Table 4 indicates Inference Speed for several VLMs , highlighting notable differences in latency across models. The latency of API-based LLMs such as GPT-4o and Google Gemini 1.5 is influenced by multiple external factors, including network latency, server processing time, and the current load on remote infrastructures. Consequently, their real-world deployment can be challenging, particularly in latency-sensitive or resource-constrained scenarios. In contrast, locally deployed models like Moondream2 and Fine-tuned PaliGemma exhibit significantly lower latency. This efficiency is primarily due to the removal of network-related delays, allowing these models to achieve faster inference times. Such locally deployed models are particularly advantageous in real-time applications, edge computing scenarios, or situations where network reliability cannot be guaranteed. The results underscore an essential trade-off in model deployment: Fine-tuned PaliGemma achieves a balance between high-speed inference and high recognition accuracy, making it particularly suitable for real-world applications requiring rapid decision-making and accurate performance. The feasibility of deploying such models depends not only on computational efficiency but also on hardware availability, scalability, and maintenance complexity. Thus, selecting an appropriate VLM requires careful consideration of latency requirements, accuracy targets, and deployment environment constraints.

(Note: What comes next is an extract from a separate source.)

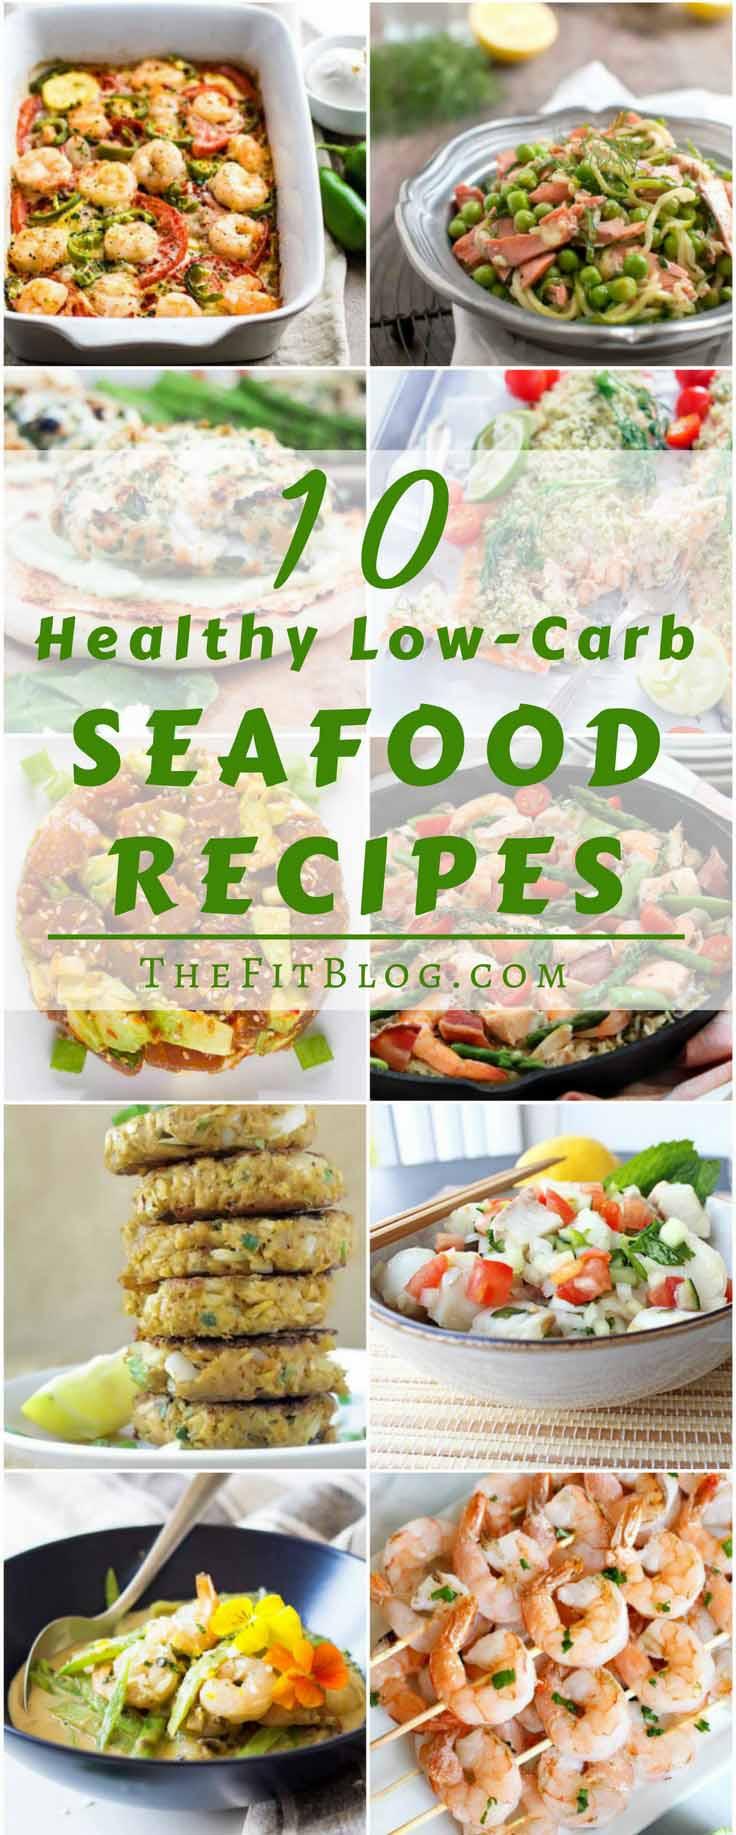 Healthy Shrimp Recipes Low Carb  10 Healthy Low Carb Seafood Recipes

Table 4 Inference speed comparison of various VLMs across different deployment environments.

Full size table

VehicleGPT and VehiclePaliGemma

In this section, we propose “VehicleGPT” (a multitasking GPT-4o) and “VehiclePaliGemma” (a multitasking PaliGemma) with a car’s plate recognition capability. It was able to detect (localize and recognize) cars’ plates in images with single or multiple cars. We chose both LLMs due to their demonstrated superior performance in license plate recognition, as evidenced in prior results.

In Table 3, we analyzed the prompt sensitivity across three pre-trained LLMs–GPT-4o, Gemini 1.5 Pro, and Pre-trained PaliGemma–to examine the impact of prompt wording on model performance. Our findings indicate that Prompt 4 outperforms Prompt 2 in Pre-trained PaliGemma. Based on this result, we selected Prompt 4 (“extract the text from the image/”) to fine-tune PaliGemma, resulting in a specialized model named VehiclePaliGemma.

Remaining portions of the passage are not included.